AMD Vega 10, Vega 11, Vega 12 and Vega 20 Rumors and Discussion

That 1.6Ghz number was derived from the calculated 12.5 TFLOPs for the MI25, AMD never gave a solid number for that card though. Not for the FP16 or FP32 throughput, instead people calculated that from this slide:


AMD-INSTINCT-VEGA-2-840x473.jpg


400 Petaflops /16 MI25 GPUs = 25 TFLOPs FP16
It also matches the name MI25, though there is the possibility AMD used approximative numbers for everything. I guess this could be an engineering sample with much lower clocks or the MI25 is a dual GPU part.
Mi25 is single GPU
 
Well for what its worth they dropped the TFlop amounts for the MI125 to under 12, and also its a 250 + watt TDP and one slide even says 300 watts, so it might be burning quite a bit more than the 225 watts we have seen with Vega.
They dropped it to under 12 where?
 
They dropped it to under 12 where?

It's the other way round, they increased it to 25 from the earlier leaked slides by Videocardz where it was 24.

https://videocardz.com/63715/amd-vega-and-navi-roadmap

Maybe they're rounding it up but then the 400TFLOPS system would require too much rounding to make it up for.
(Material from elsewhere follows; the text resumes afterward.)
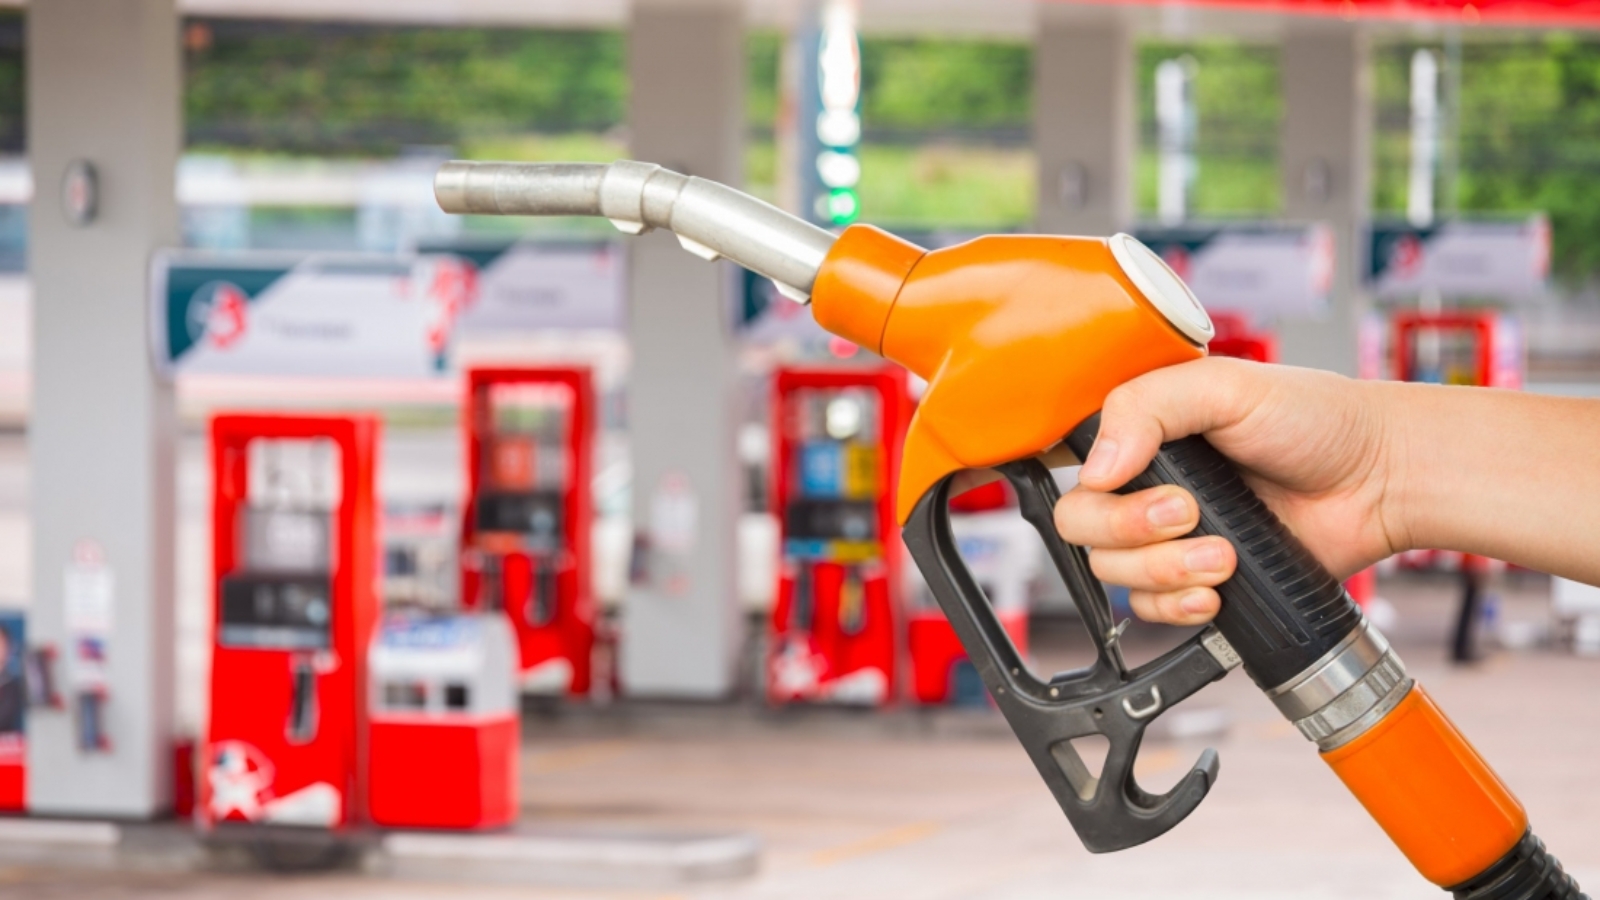 man-hold-fuel-nozzle-add-fuel-car-gas-station-scaled-1100x619

Anandtech in their article put it at 25TFLOPS and 12.5TFLOPS of single precision, so it's likely those are the numbers AMD confirmed to them. That's promising on the clockspeed front but it would still be a long way from being competitive with Pascal if it barely improves upon Fiji at the same clock. Maybe Vega 11 is the bigger one but that hasn't been announced by AMD yet and it just doesn't seem that likely.
 
Anandtech in their article put it at 25TFLOPS and 12.5TFLOPS of single precision, so it's likely those are the numbers AMD confirmed to them. That's promising on the clockspeed front but it would still be a long way from being competitive with Pascal if it barely improves upon Fiji at the same clock. Maybe Vega 11 is the bigger one but that hasn't been announced by AMD yet and it just doesn't seem that likely.
Those numbers are from AMD's Sonoma 2016 presentation on Radeon Instinct, where they confirmed that partners would be building 100 TFLOPS FP16 quad-MI25 systems, and 400 TFLOPS FP16 hexadeca-MI25 systems.
 
4 or even 7 ports on the vALU register files sound absurd to me. Additional ports cost significant area (and power). 16MB of vector register files (256kB per CU) in Fiji (and Vega10) would be pretty much out of reach. Given the high density of the SRAM used for the register files it's entirely possible (I would say even likely) that each register file has exactly a single (shared read/write) port,i.e. it's normal single ported SRAM. That's completely enough to ensure there are no conflicts for vALU operations with proper pipelining (stretched out over at least three instructions). If some memory (including LDS) instruction needs some additional register bandwidth, the scheduler in the CU could "steal" an access cycle from instructions with only two source operands or it has to create a bubble in the vALU pipeline. Already a dual ported register file would actually surprise me.
I won't disagree with the single shared read/write port with some pipelining, but here's what I'm looking at. On any given clock a CU will require roughly that many ports to perform all the stated operations. That's extrapolated from the five instructions from different waves with no bank conflicts. The original GCN white paper does mention LDS resolving potential conflicts in hardware outside the "access patterns" which I take to be the cadence. So waves do share banks at least part of the time. The paper also mentioned 512 entries per bank with 16KB(32KB newer, old now).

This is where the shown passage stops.